**STORED DATA**
• • •
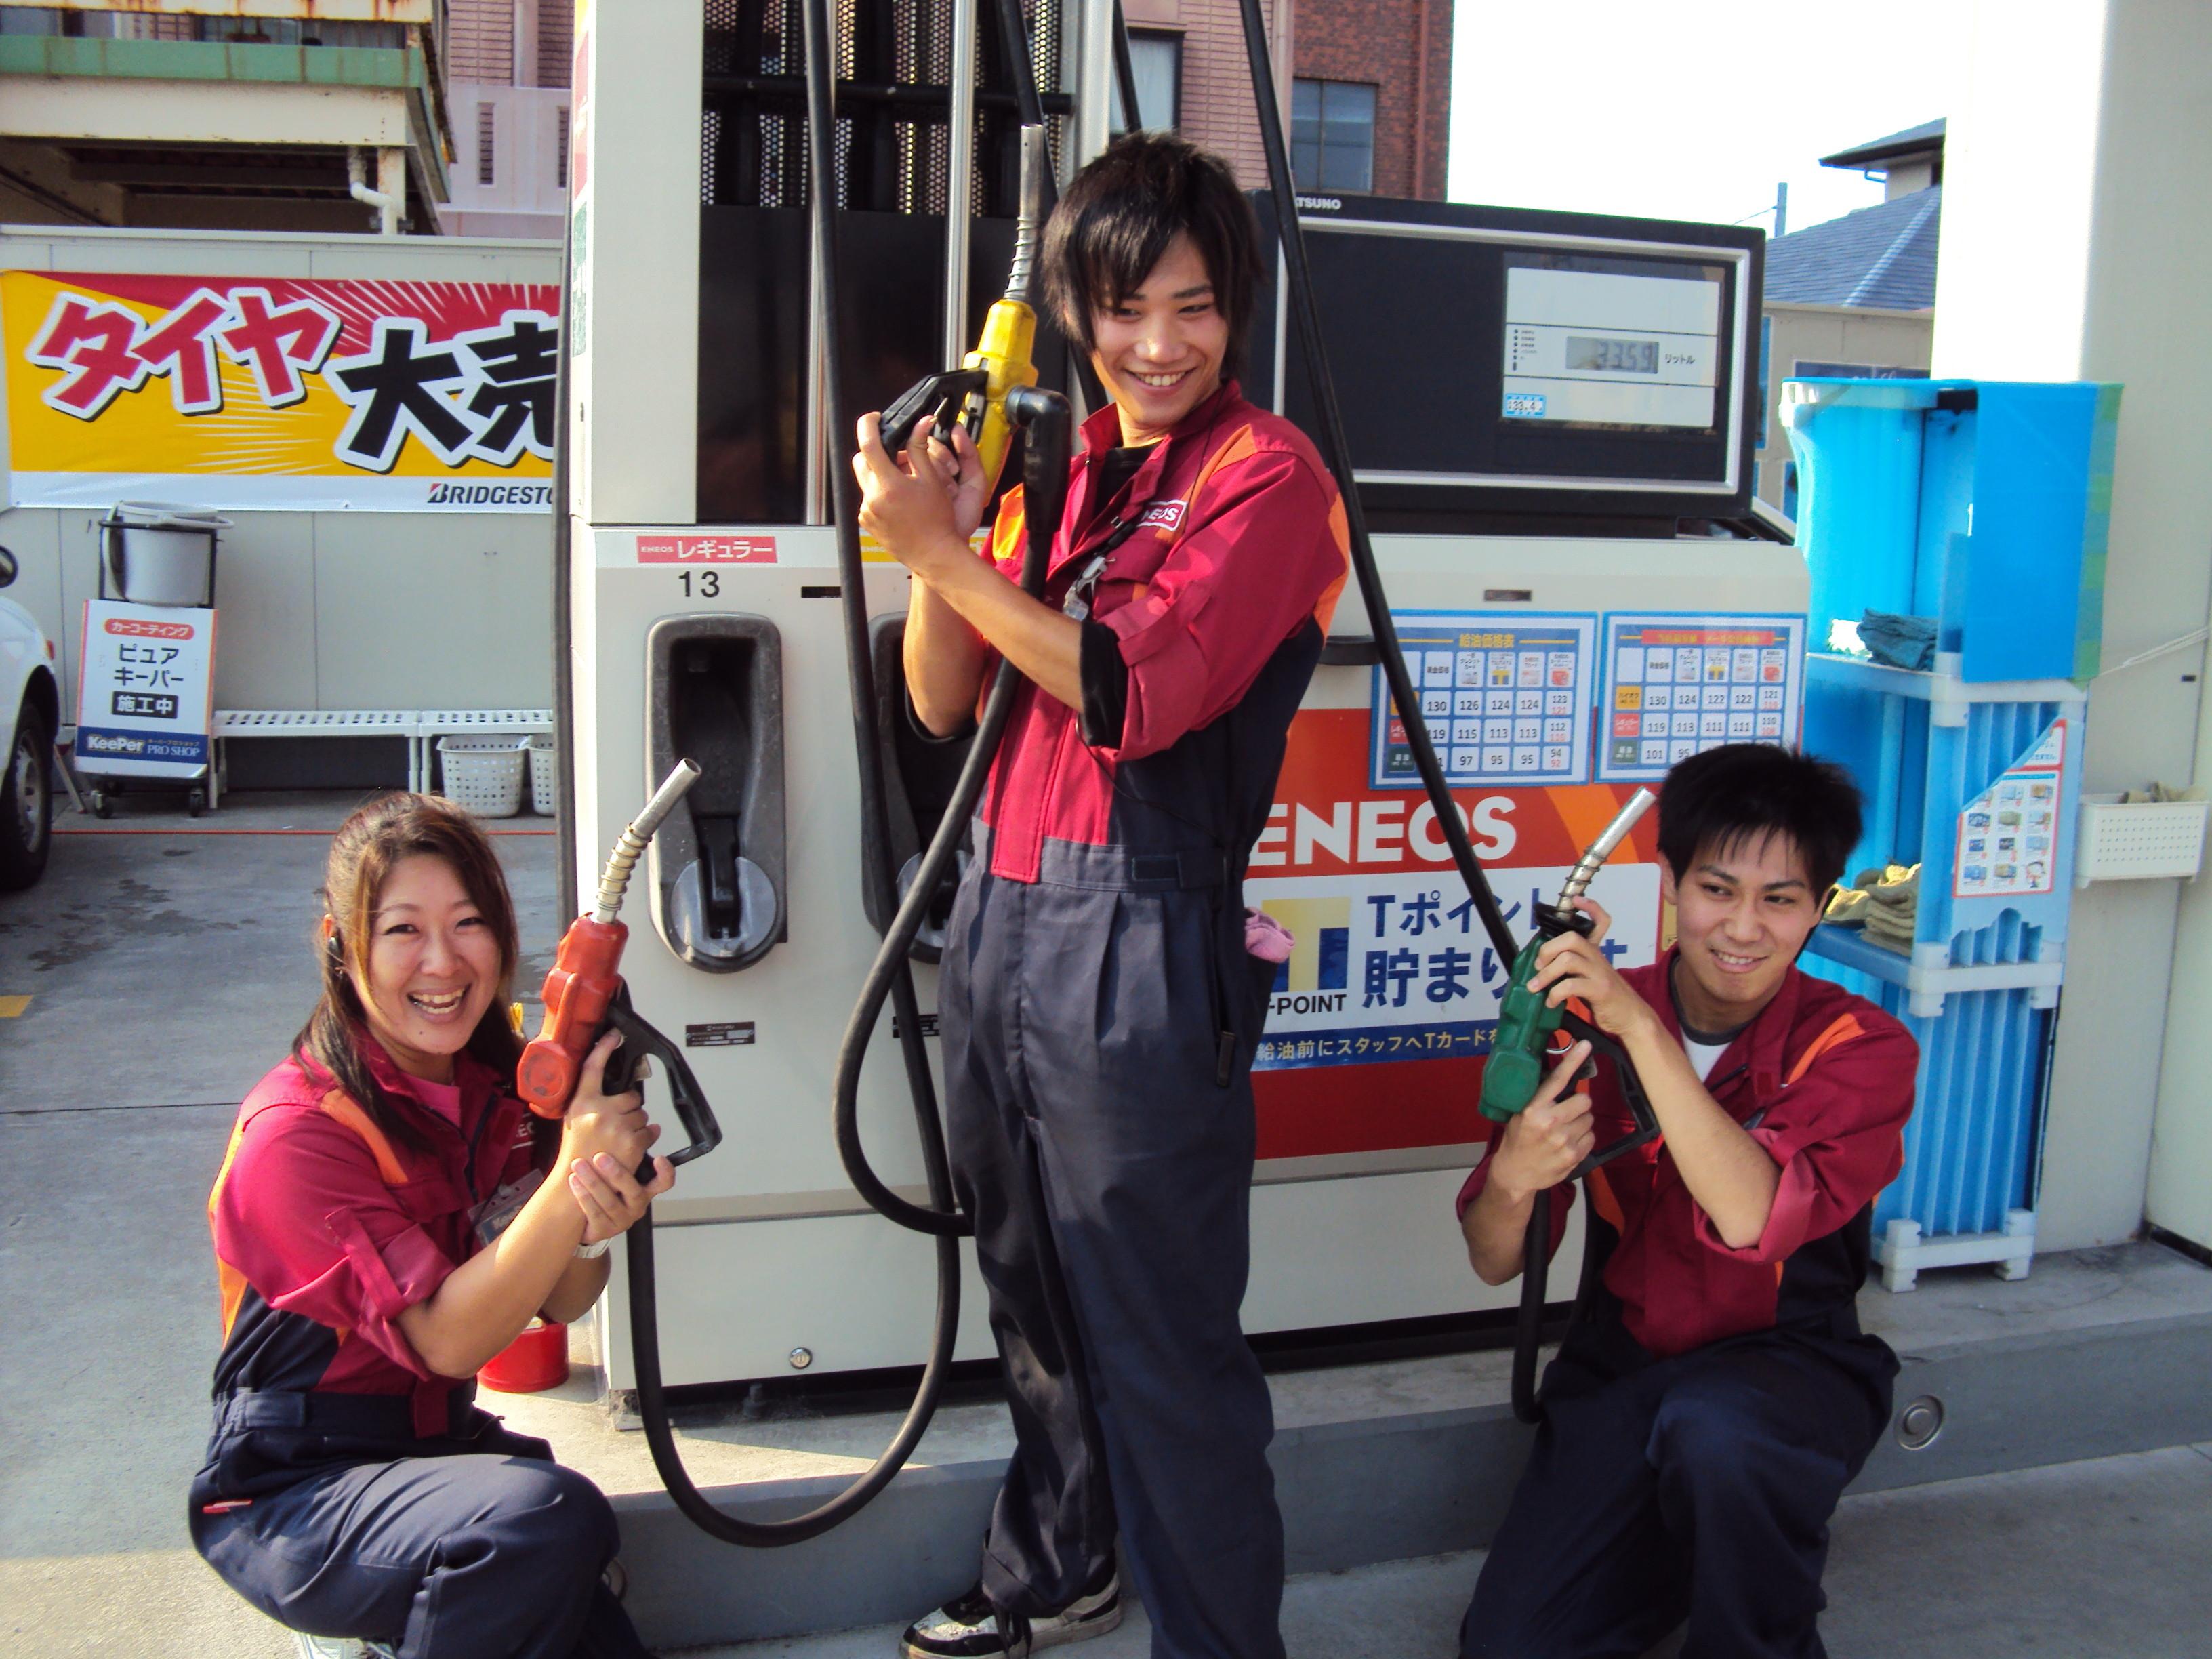 エネオス Dr.Drive 三島南店(伊伝株式会社) のアルバイト情報
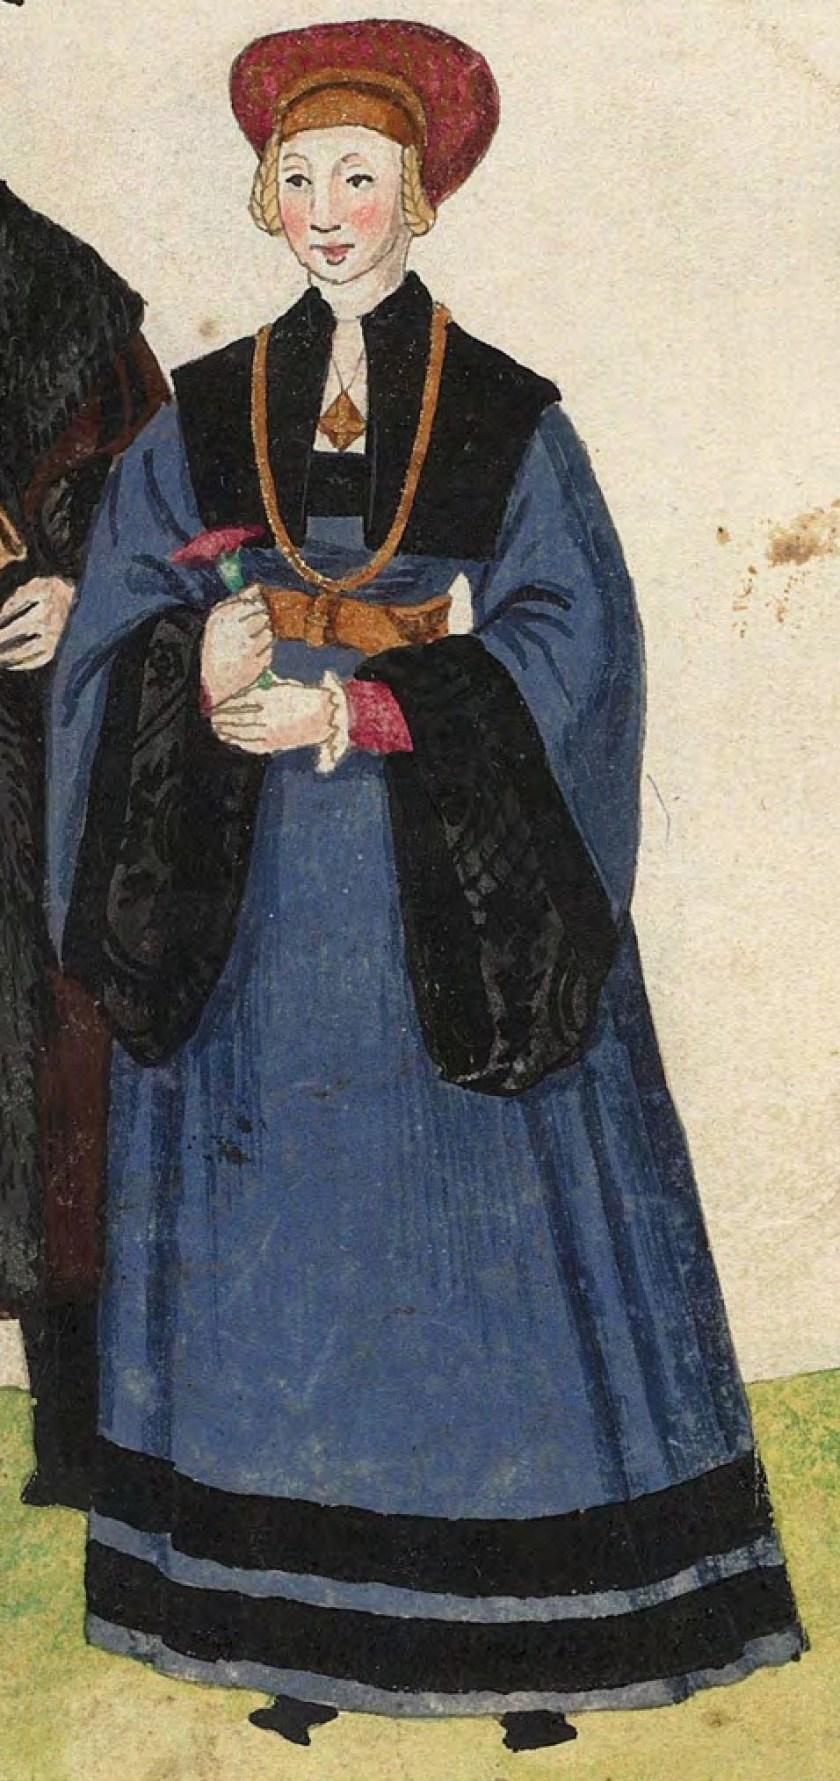 1540s Cologne Burger. Fig. 3, plate 43v, Codice de trajes, Christoph Weiditz. BNE bdh0000052132
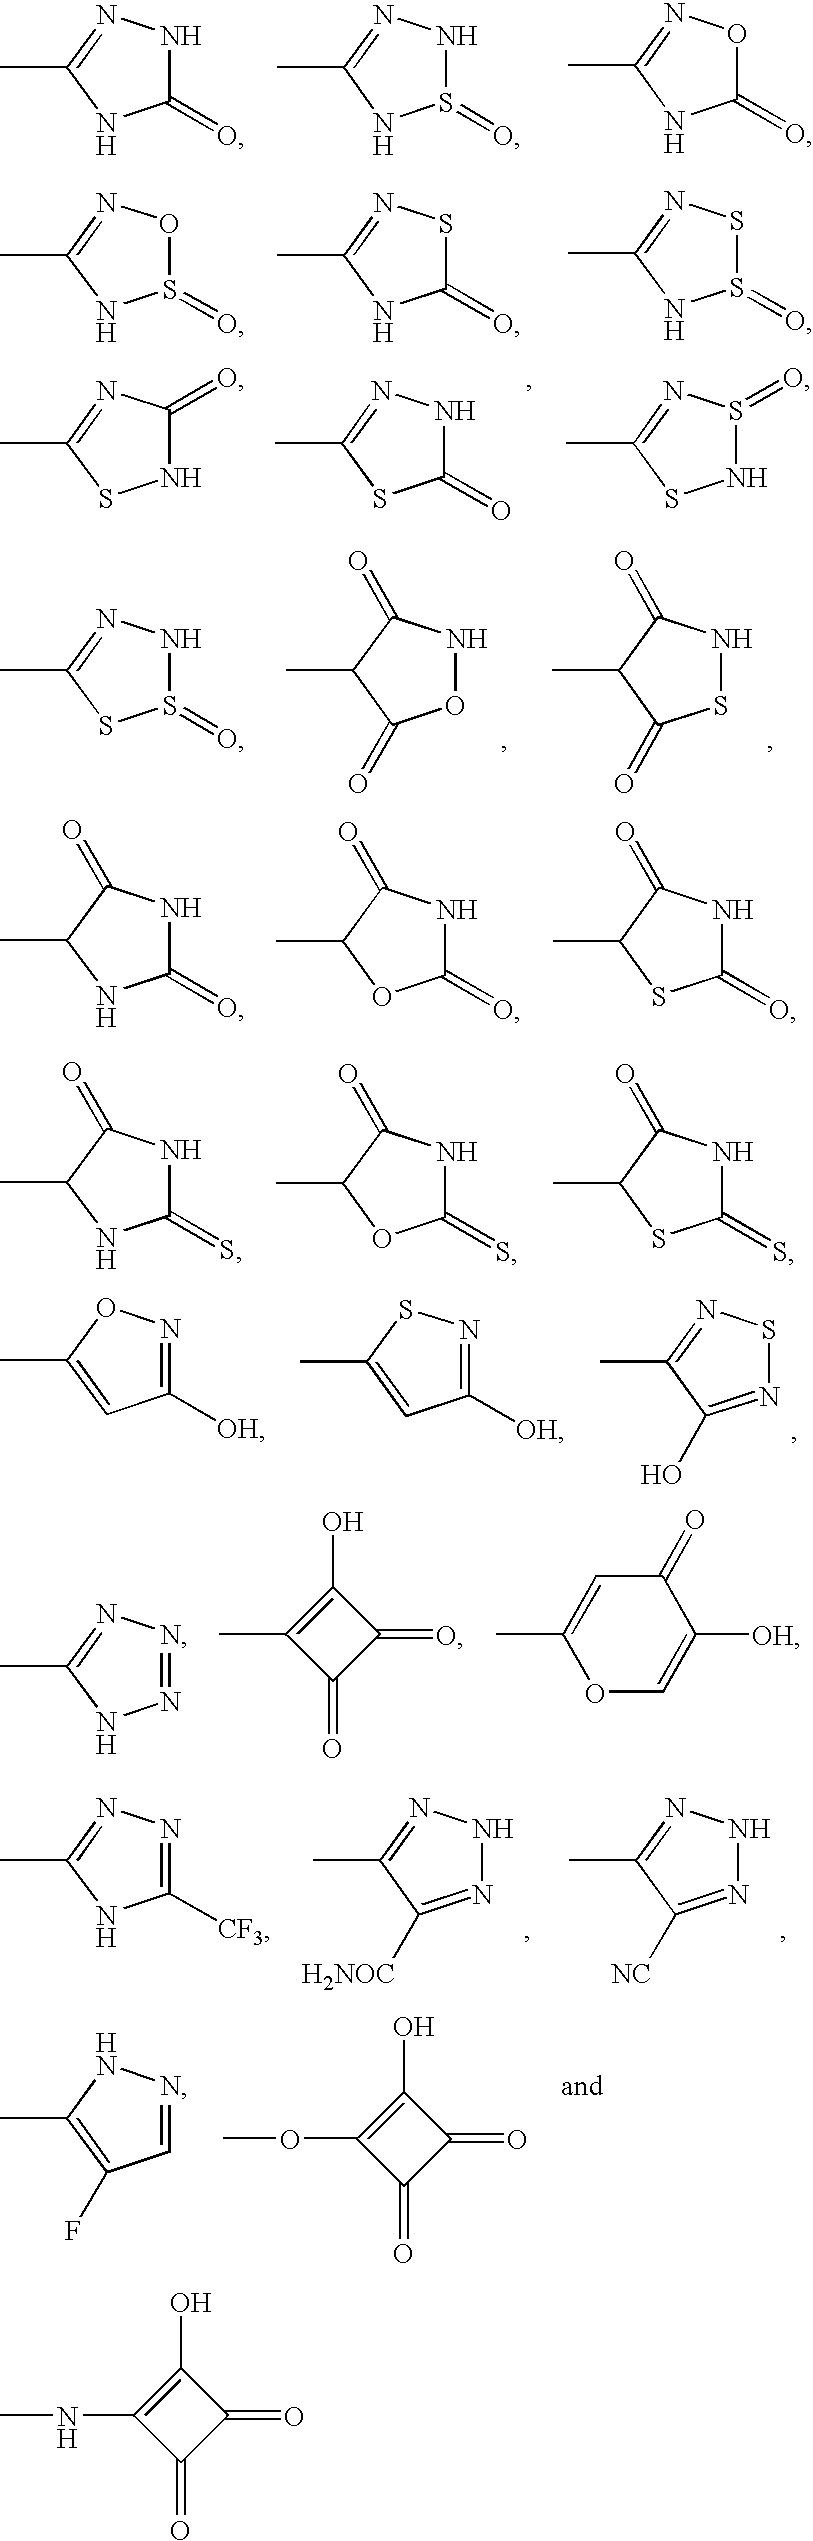 Figure US20070049593A1-20070301-C00059
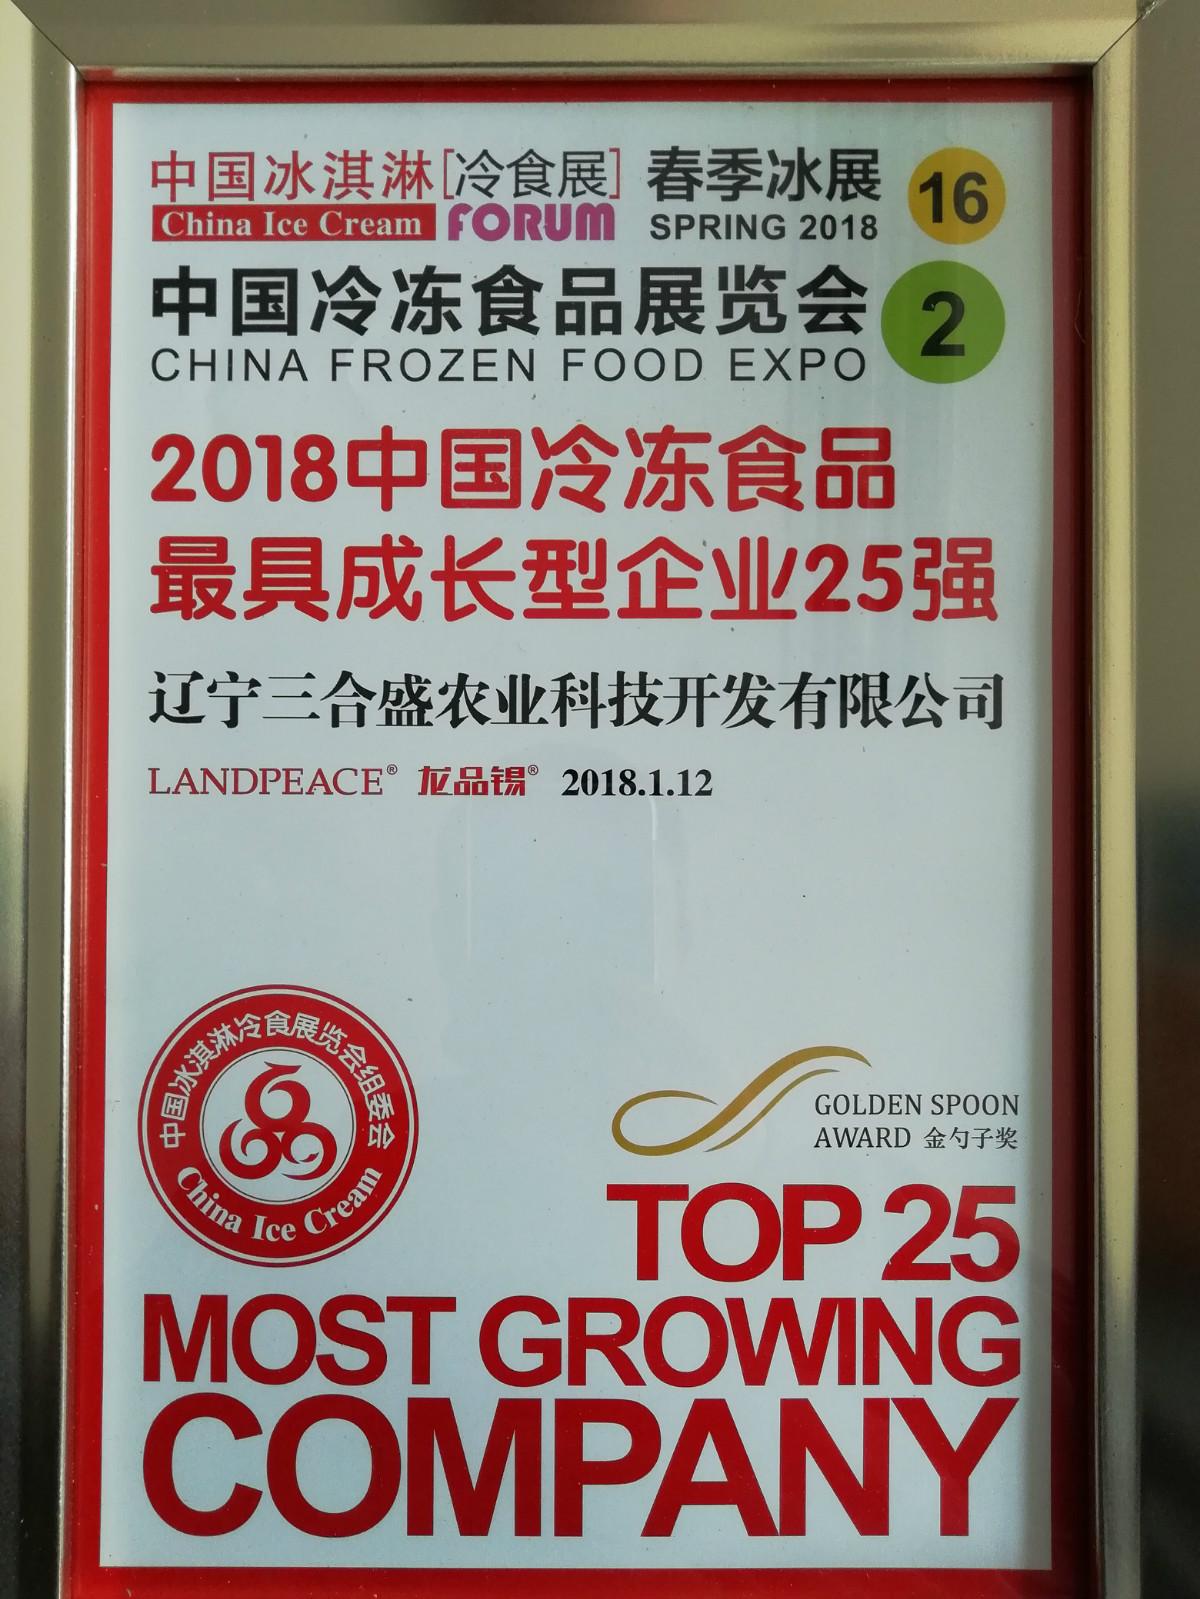 最具成長型企業25強
• • •
**ABOUT THIS TASK**
Everything in the data must be printed verbatim except the pictures.

**EXERCISE OUTPUT**
 エネオス Dr.Drive 三島南店(伊伝株式会社) のアルバイト情報
 1540s Cologne Burger. Fig. 3, plate 43v, Codice de trajes, Christoph Weiditz. BNE bdh0000052132
 Figure US20070049593A1-20070301-C00059
 最具成長型企業25強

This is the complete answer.